Nothing. Nothing happened. The man didn’t move his feet. The woman didn’t try to move her dog off his feet. He didn’t roll his eyes or ask the woman to get her dog away from him. She didn’t apologize for the dog. She didn’t even look at the man. Apparently, nothing abnormal had just happened at all!

 It reminded me of a story the marine at the airport, Brett told us about his new puppy he bought in Germany. He said he brought it to the vet for his puppy shots and the dog playfully gnawed at the doctor’s hand. The vet immediately pulled her hand back and swung a full-forced backhand across the small dog’s face. The dog squealed and Brett looked shocked. The vet gruffly declared, “GERMAN DOGS DO NOT BITE!”
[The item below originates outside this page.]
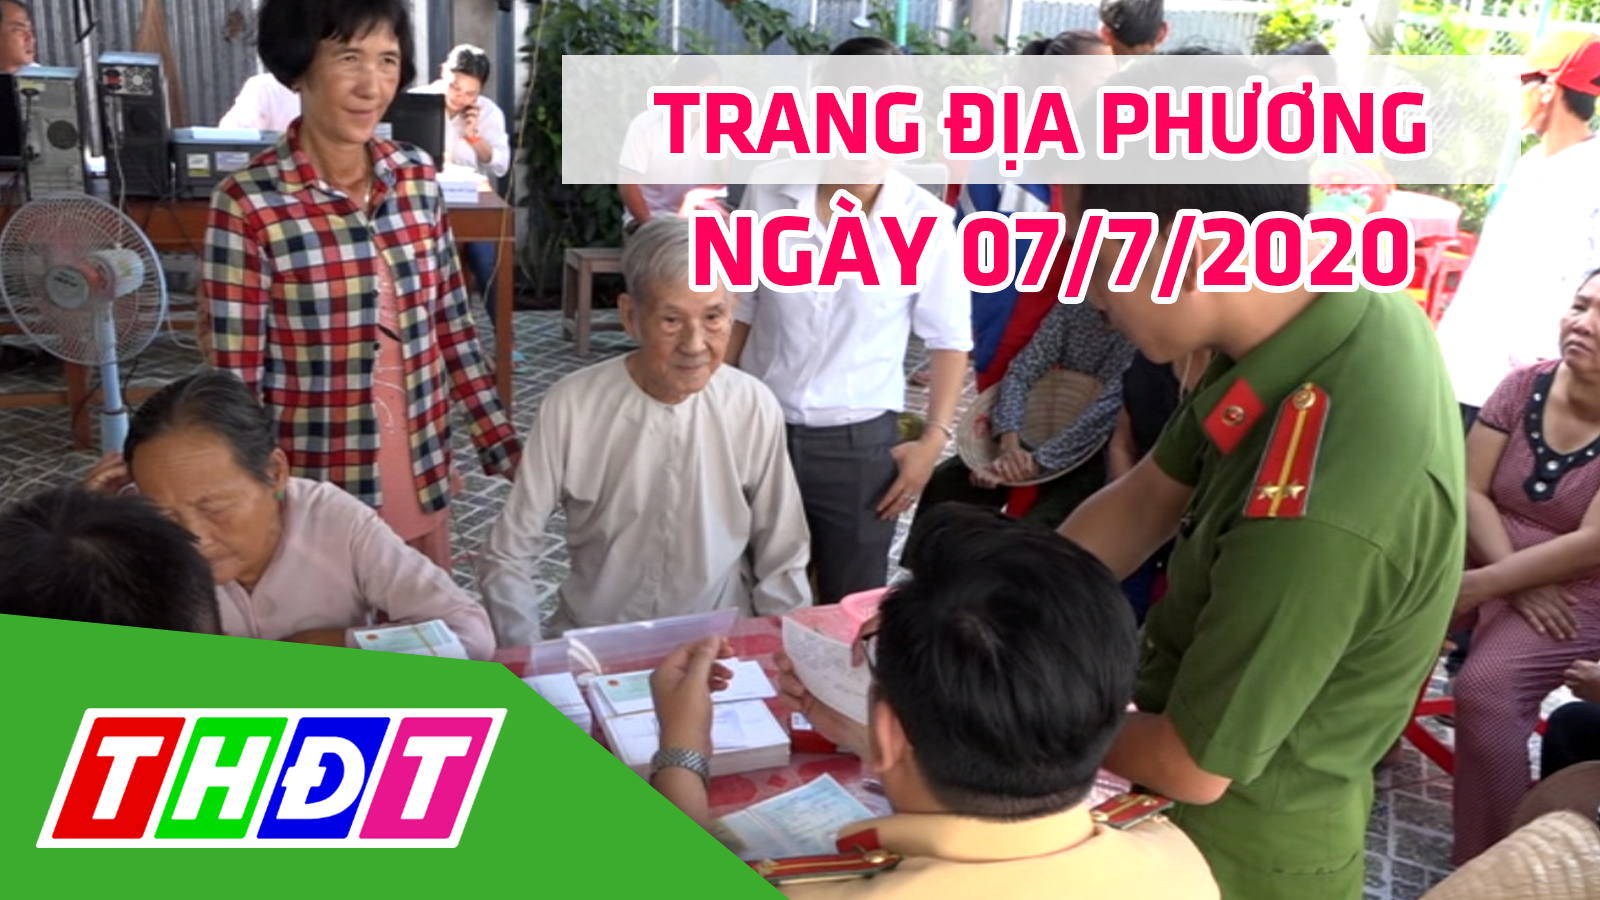 Trang địa phương - Thứ Ba, 07/7/2020 - H.Hồng Ngự

The bus bounced along the road, curving through the rolling green hills that divide each little village until the next. We were nearing the sign for Bargau village limits when I randomly said, “Hey, Scott, I know something that’s different here than in America.”

“What?” he asked, curious.

 “There’s no roadkill.” He shook his head confidently, “Oh no. I did see roadkill.”

“Really?” I asked. “What was it?”

 “A chicken,” he answered nonchalantly. I laughed hysterically until we reached our stop.